It was a difficult time.
We were navigating grief, seemingly endless sickness and the difficulties of fundraising from borrowed space and depleted energy.
We have always felt called to assist in relieving burden for others, but now were feeling like burdens ourselves.
Living outside of the status quo, a strain we were somewhat used to, still bore down heavily on us.
I longed to feel normal. Whatever normal was.
There were some very dark months in this season that left me reeling. Our grief, in its many forms, felt crushing. The next obedient steps seemed wrapped in fog and dim haze.
The circumstances around us were not speaking (obvious) blessing. Instead I was tormented with doubts.

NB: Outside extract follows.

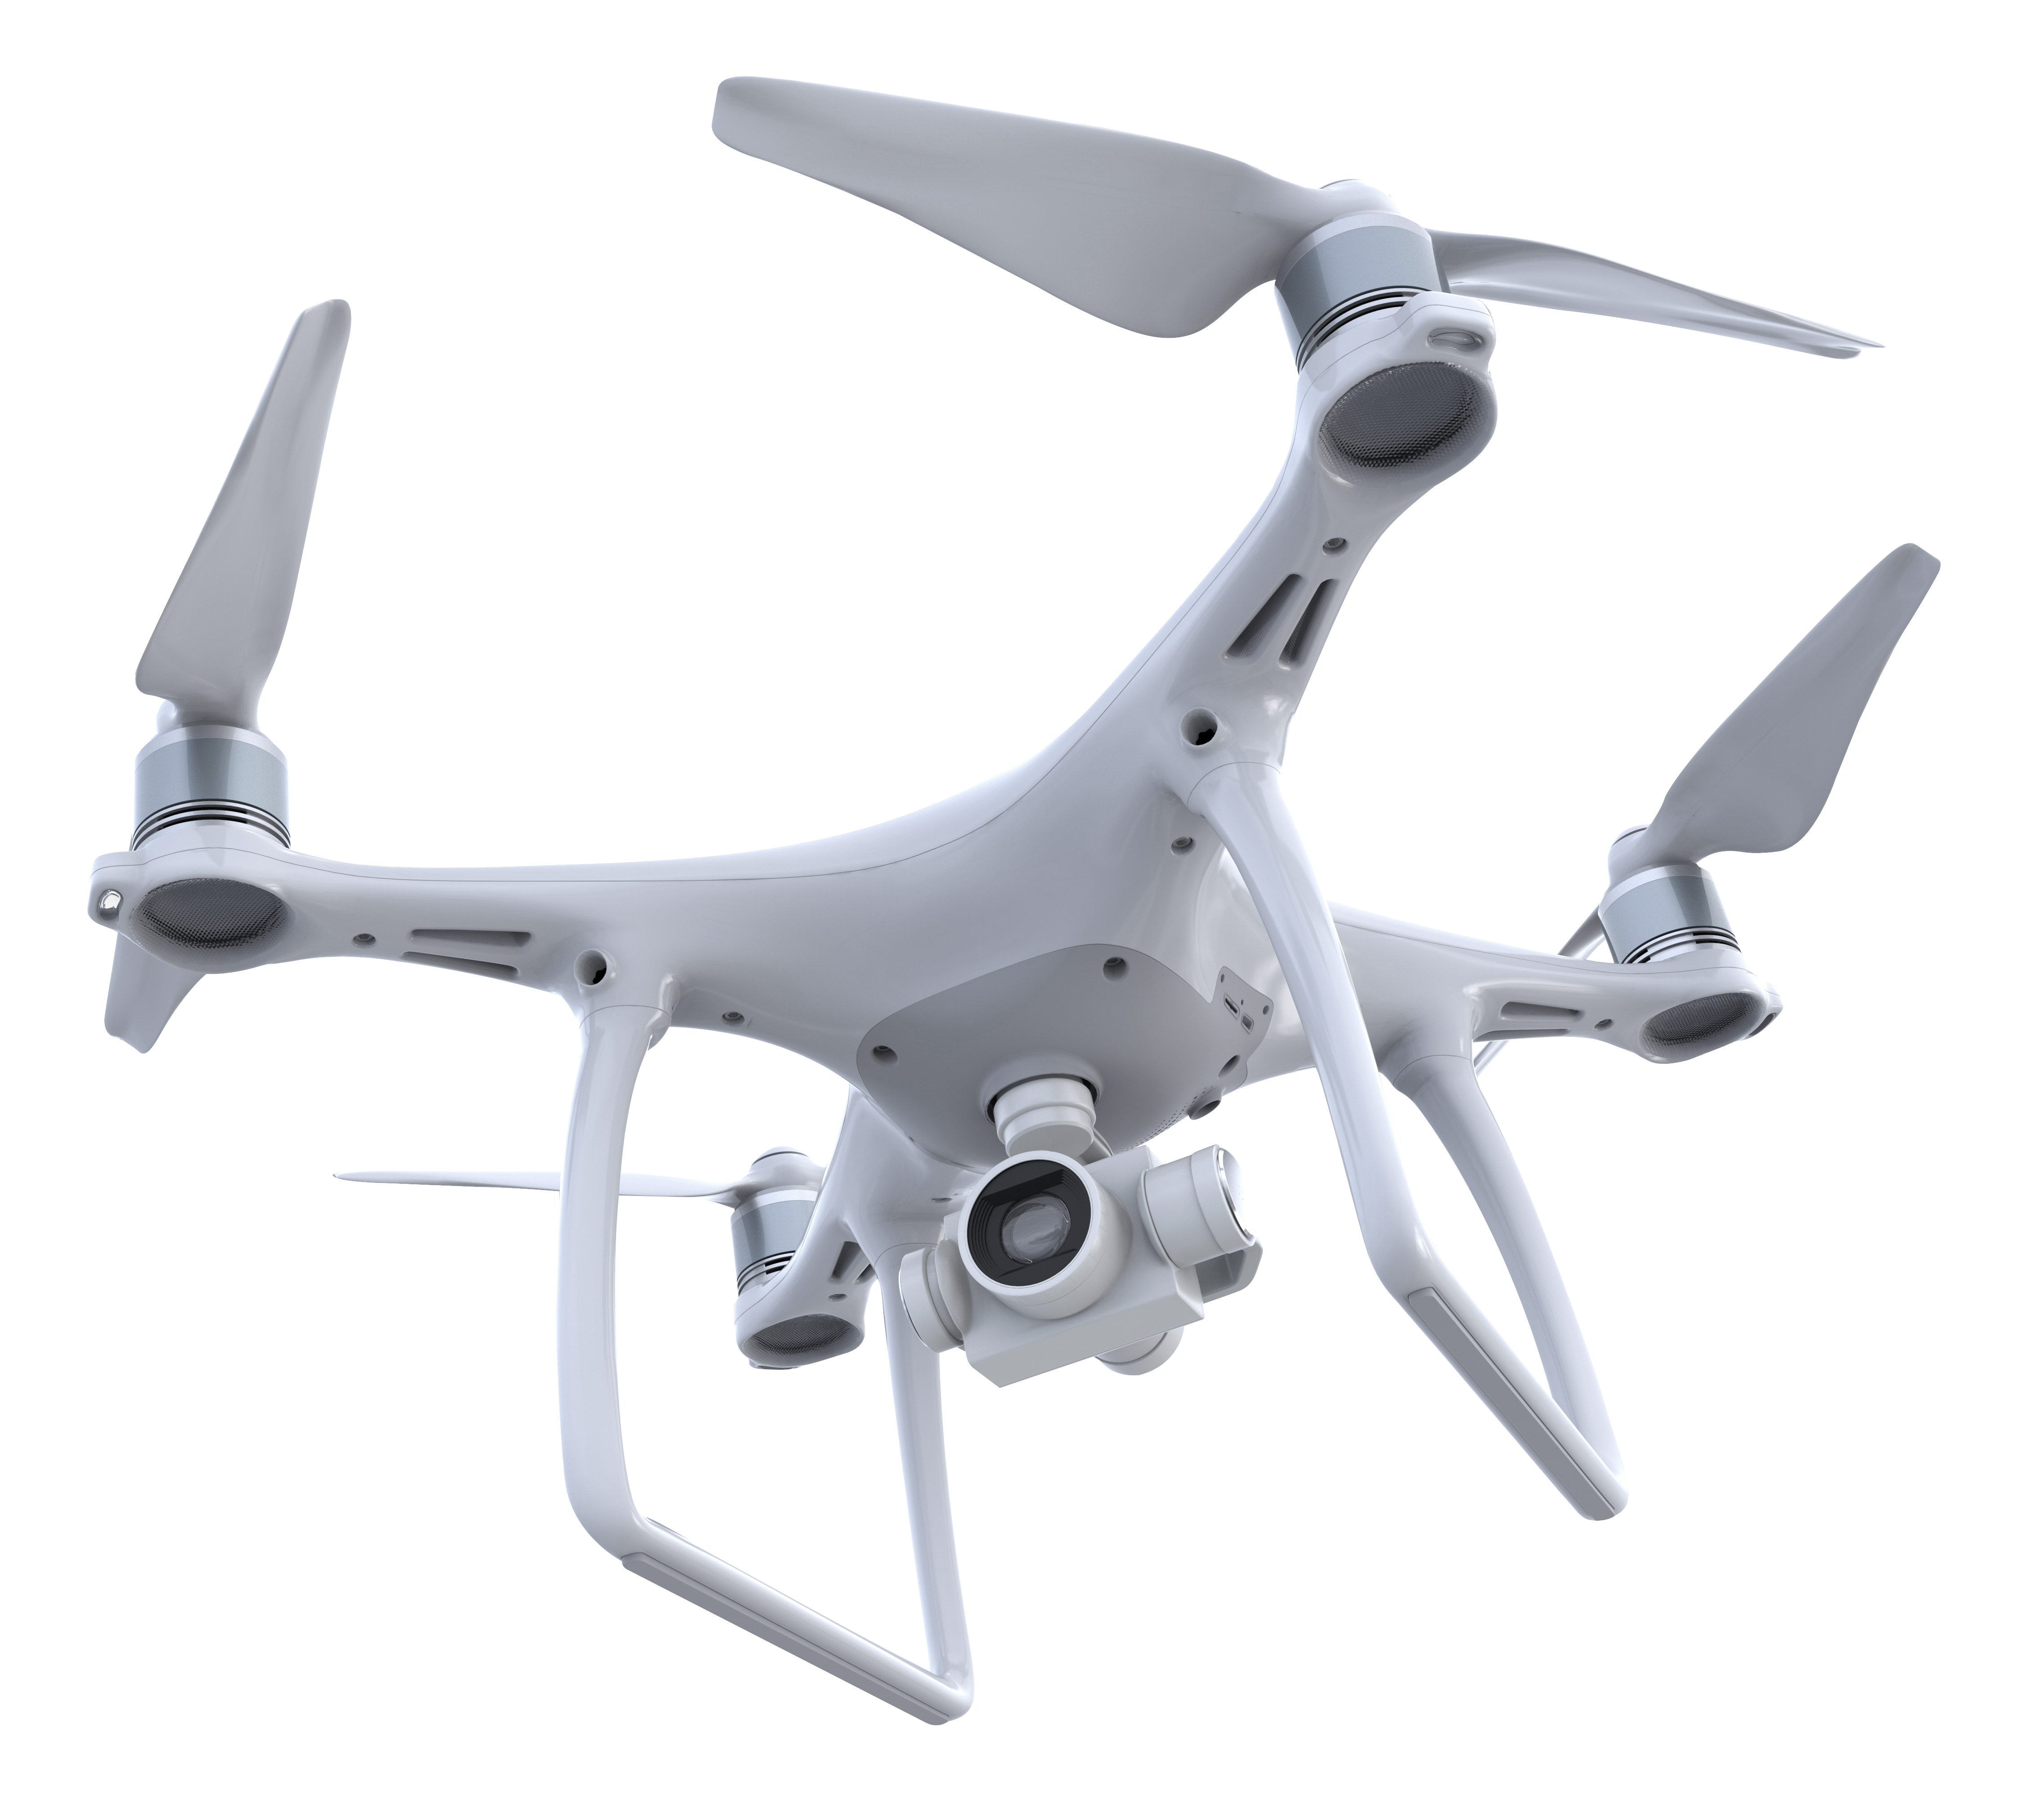 White drone

Meanwhile, my abdomen swelled with new life.
In April of 2002, a light began to dawn.
We had been in contact with several new (to us) congregations in Texas and Colorado. We thought we were starting from scratch with these sweet believers in sharing about the ministry in Uganda. But God had been at work long before we even stepped into the picture. (He always is.)
Through a series of visits, meetings, meals together and so many prayers, God brought us to Tyler, TX and the Glenwood church of Christ.
This was not an ordinary missionary/supporting church situation. Yes, we met with committees and chairmen and elders and staff. We did all of those usual things.
But something was different in our interactions with this particular body of believers.
There was something (Someone) joining us beyond what our efforts could produce.
Over the next healing months, those dearest folks would listen and love their way into our hearts. Even my heavily barricaded one.
We became a part of the Glenwood family and felt God gather around us an incredible community of stalwart friends.
I couldn’t believe it. But I felt my broken heart slowly receive the balm and nourishment it so desperately needed.
Like streams in the desert.
In the midst of that outpouring, our third Cashling would finally arrive.
And he arrived with a message.
We heard it first when we were choosing his name.
You see, we were amazed to look back at those months of angst and see an astonishing juxtaposition.
We were shocked to recount this miracle.
But it was undeniable.
There had been precious little about those months that was funny.
And yet, in the midst of the struggle, God united us as a family with soul healing hilarity. Over and over again.
Laughter, amidst the pain, had been the theme.
We hadn’t chosen it.
It was given to us.
He was a large part of that process. He showed up illuminating the persistent care of our redeeming God.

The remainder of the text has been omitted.